5.2.5 Análise do caso máquina de escrever

O caso da máquina de escrever apresentou uma importante transição tecnológica que teve início em meados dos anos 1960 e se consolidando nos anos 1990, quando as máquinas de escrever (sejam manuais, elétricas ou eletrônicas) foram substituídas pelos computadores.

Embora importante, o impacto da transição da máquina de escrever manual para a elétrica promoveu mudanças, embora não tão significativas na estrutura concentrada do setor. Desde a

formação da indústria, as empresas Remington, Royal, Underwood e L.C. Smith ainda permaneceram com algumas movimentações geradas por fusões e a entrada de novos players no mercado americano, como a Olivetti. A II Guerra Mundial e as resoluções do governo americanos, que incorporaram as fábricas do setor no esforço de guerra paralelamente à evolução da máquina de escrever elétrica, promoveram o desenvolvimento da IBM no setor, culminando com sua posição de liderança conquistada nos anos 1960.

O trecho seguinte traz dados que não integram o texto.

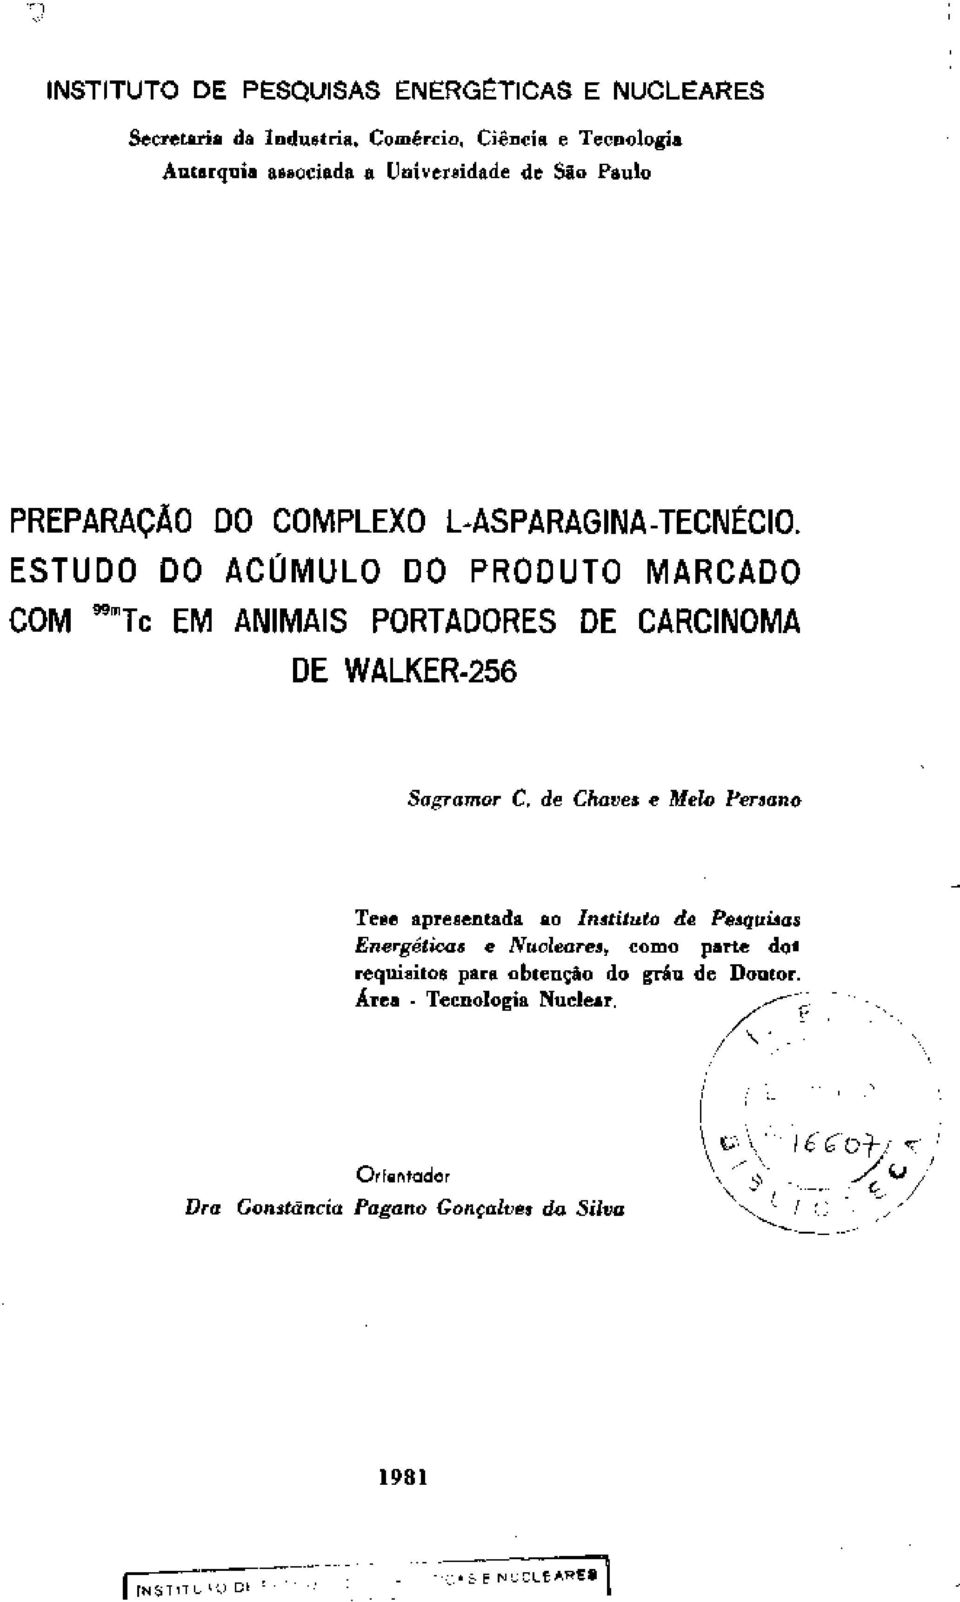 de Chaves e Melo Fersano Tese apresentada ao Instituto de Pesquisas Energéticas e Nucleares, como parte dos requisitos para obtenção do grau de Doutor.

O boom econômico experimentado pelos EUA após a II Guerra Mundial elevou o número de empresas e da burocracia, demandando mais equipamentos de escritório, cujo mercado cresceu substancialmente. Nessa fase transitória da indústria (UTTERBACK, 1996), com a constituição do design dominante em torno da máquina de escrever elétrica, havia pressões, pelo lado da demanda, por produtos que contribuíssem para o aumento da produtividade no trabalho consolidando uma tendência gerencial voltada à automação dos escritórios.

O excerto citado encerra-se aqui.